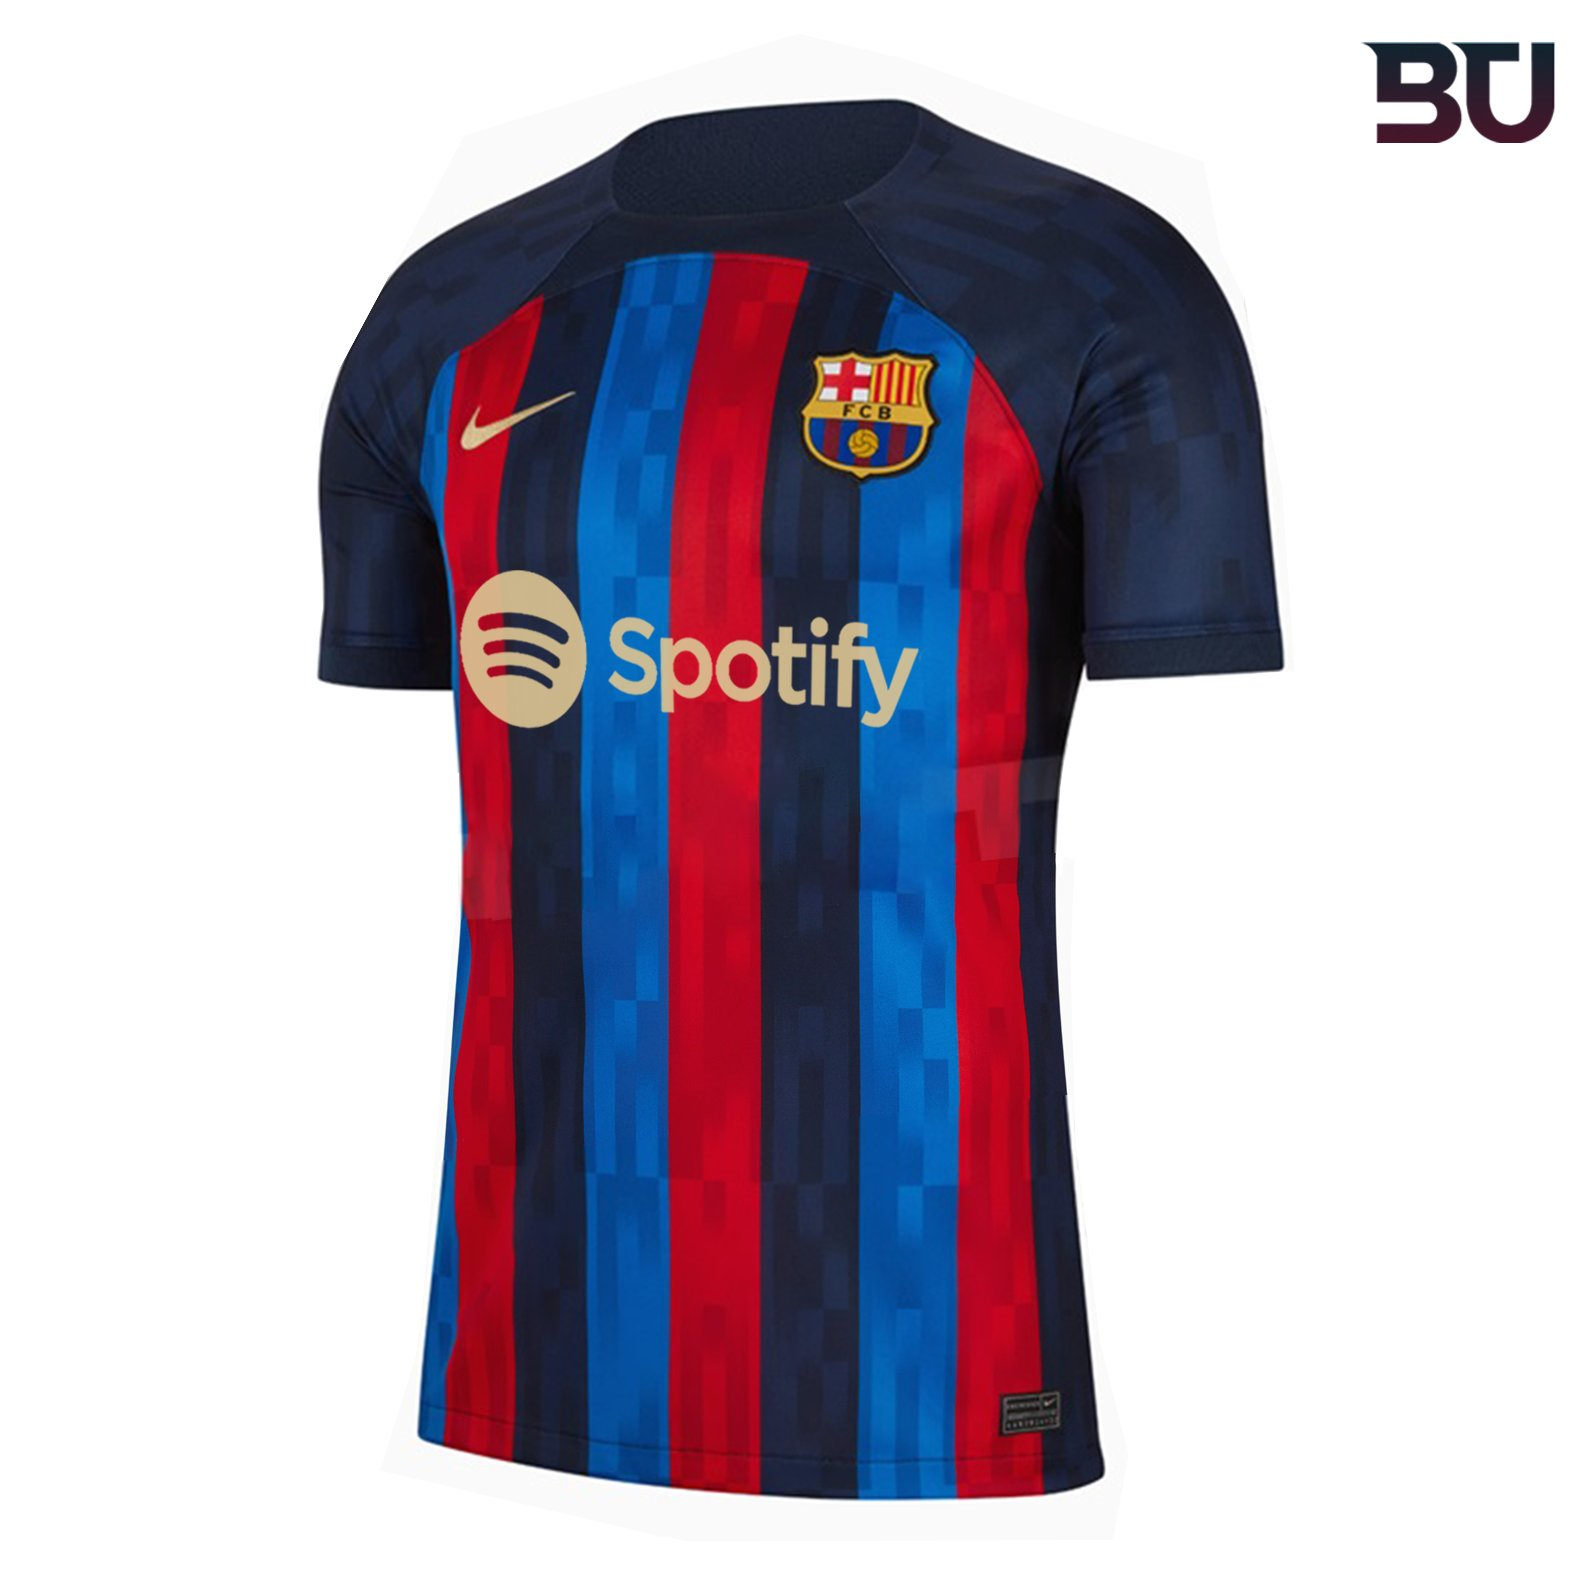 رونمایی از پیراهن جدید بارسلونا با معرفی اسپانسر جدید/عکس
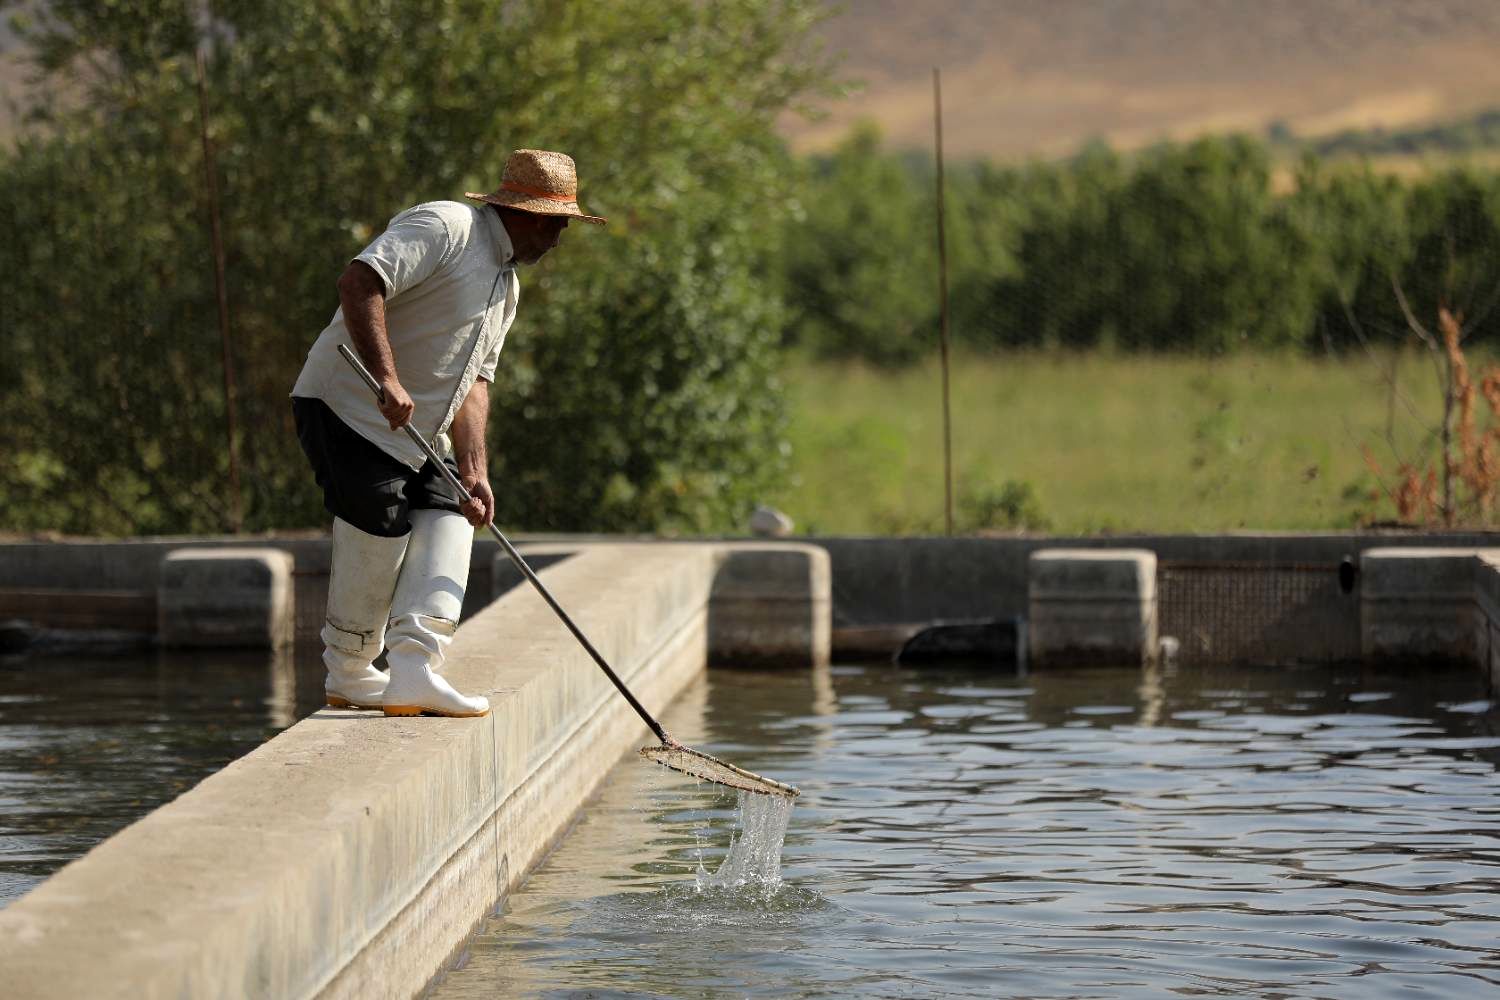  پرورش ماهیان سردآبی در استان فارس با حمایت بنیاد برکت شروع شد
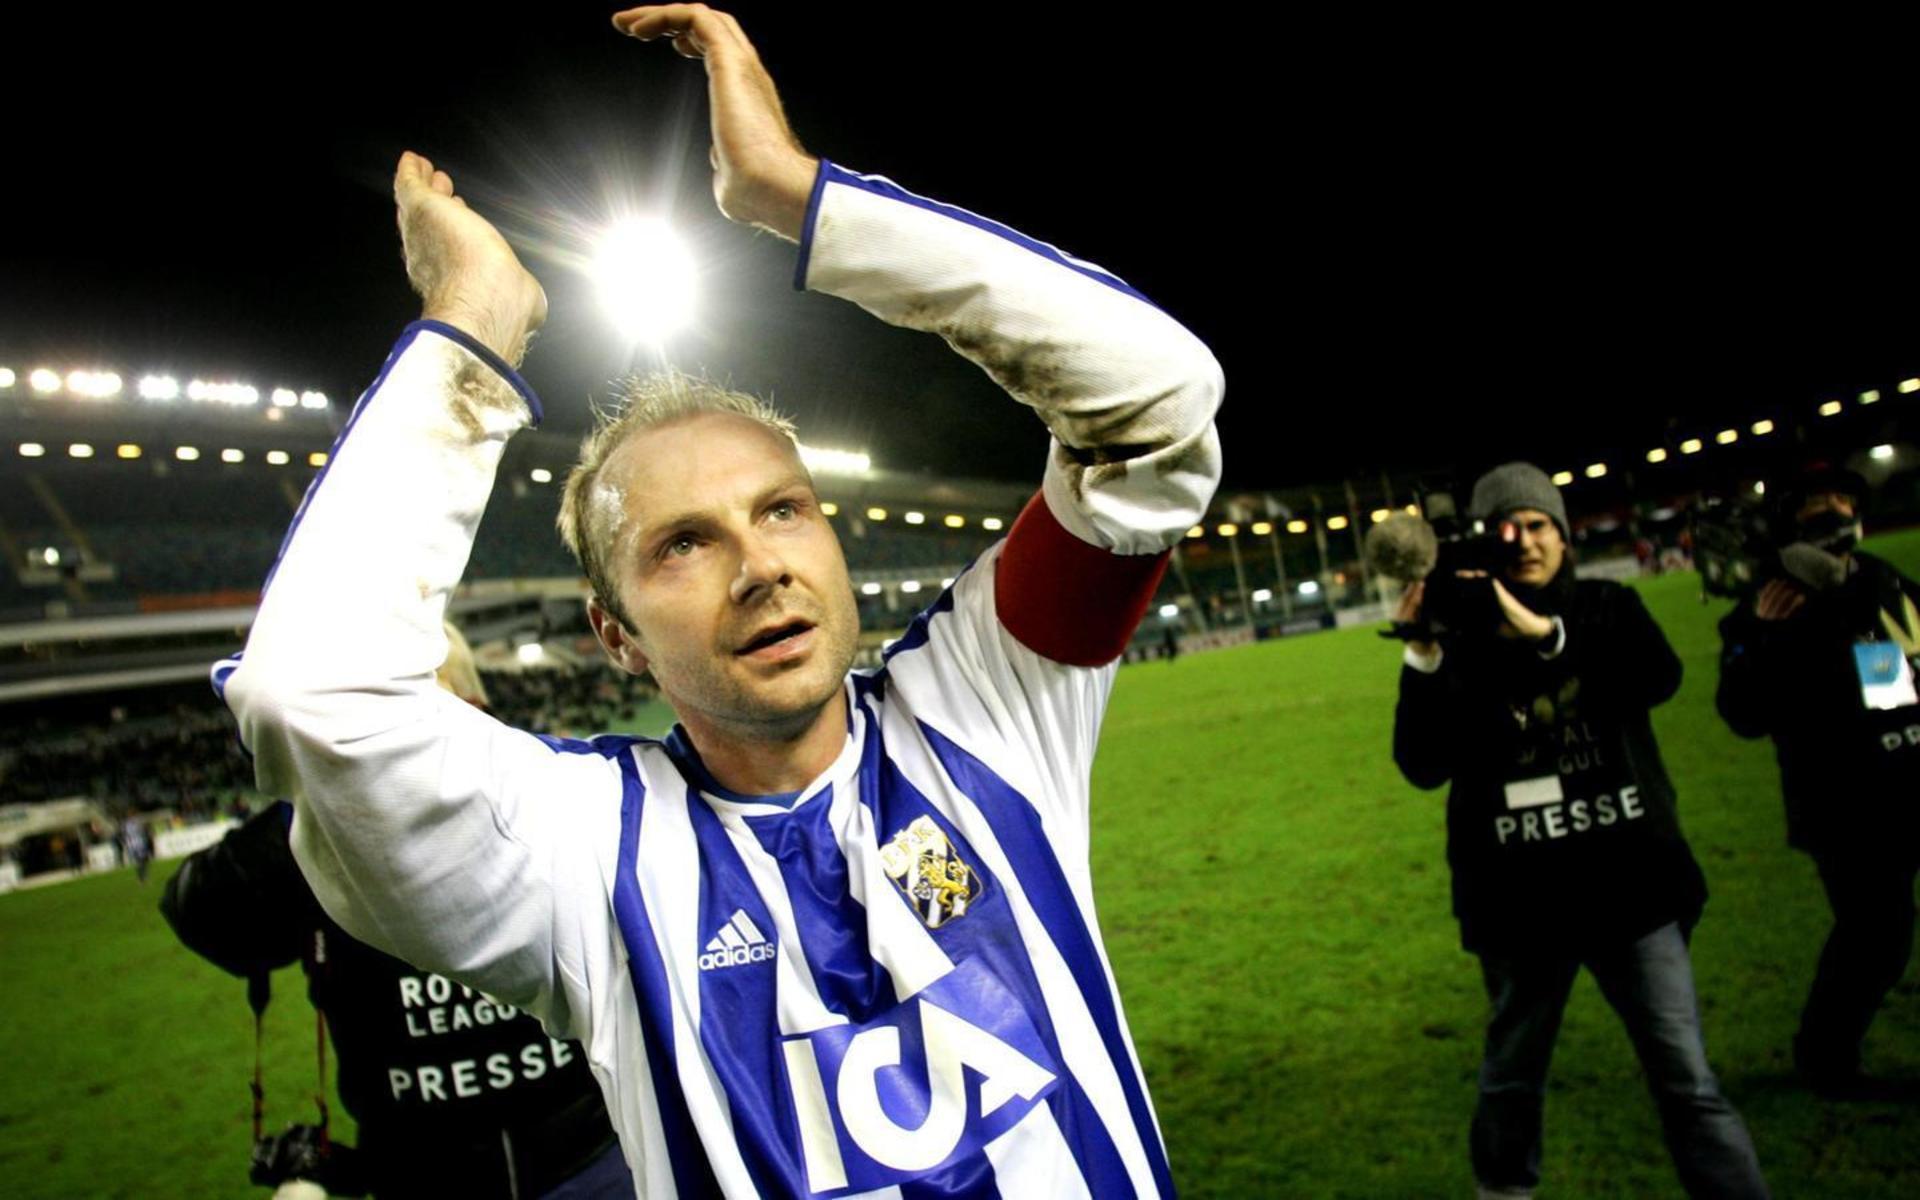 Royal League-mötet med Lyn 2005 blev Håkan Milds sista match som spelare i IFK Göteborg.
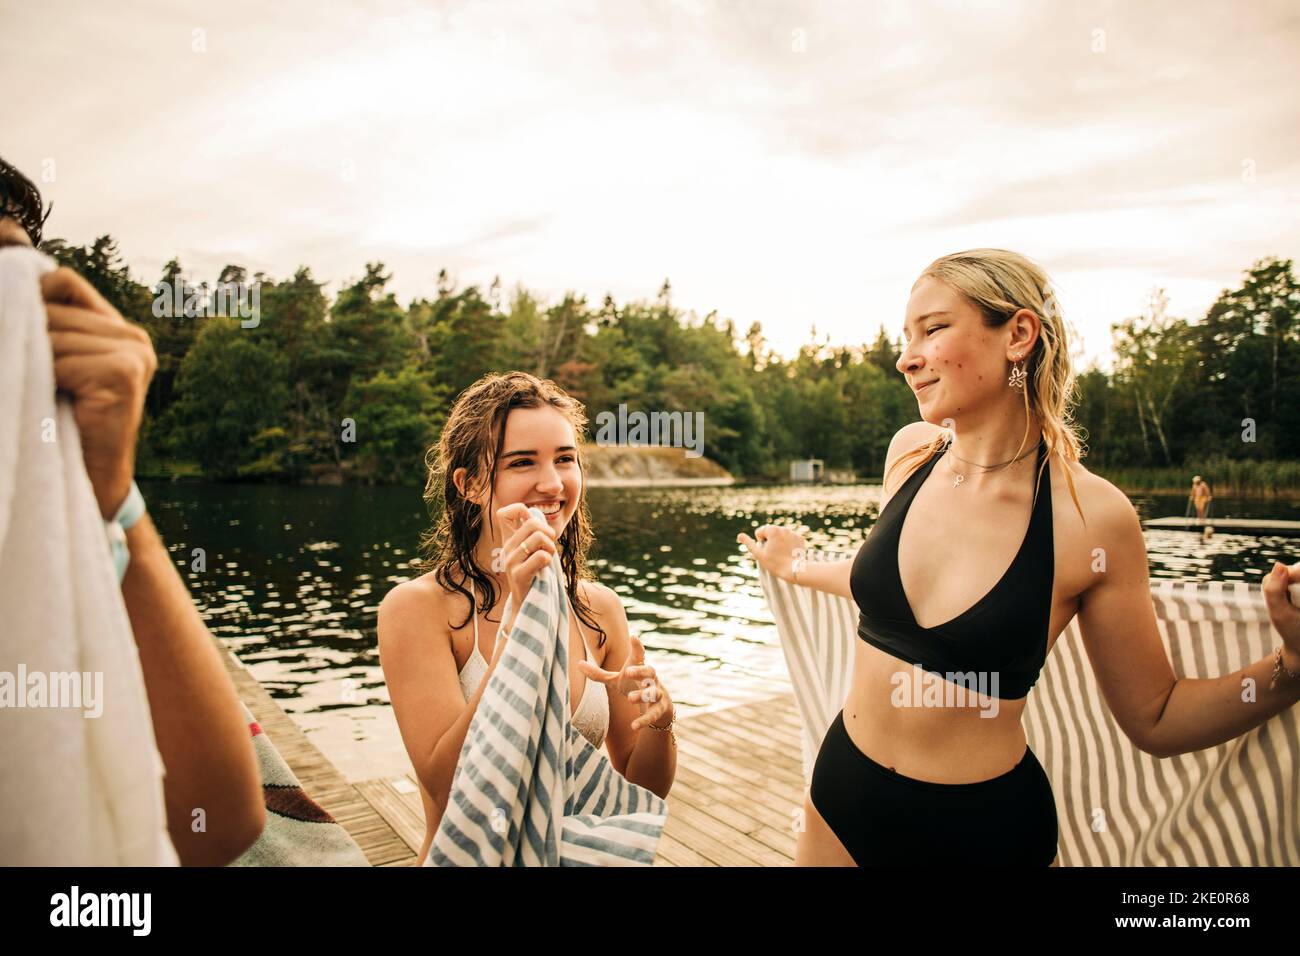 Les femmes avec une serviette parlent les unes aux autres au lac pendant les vacances Banque D'Images

Exercise aim.
Return the listing above word for word. Keep the images out.

Written answer.
 رونمایی از پیراهن جدید بارسلونا با معرفی اسپانسر جدید/عکس
  پرورش ماهیان سردآبی در استان فارس با حمایت بنیاد برکت شروع شد
 Royal League-mötet med Lyn 2005 blev Håkan Milds sista match som spelare i IFK Göteborg.
 Les femmes avec une serviette parlent les unes aux autres au lac pendant les vacances Banque D'Images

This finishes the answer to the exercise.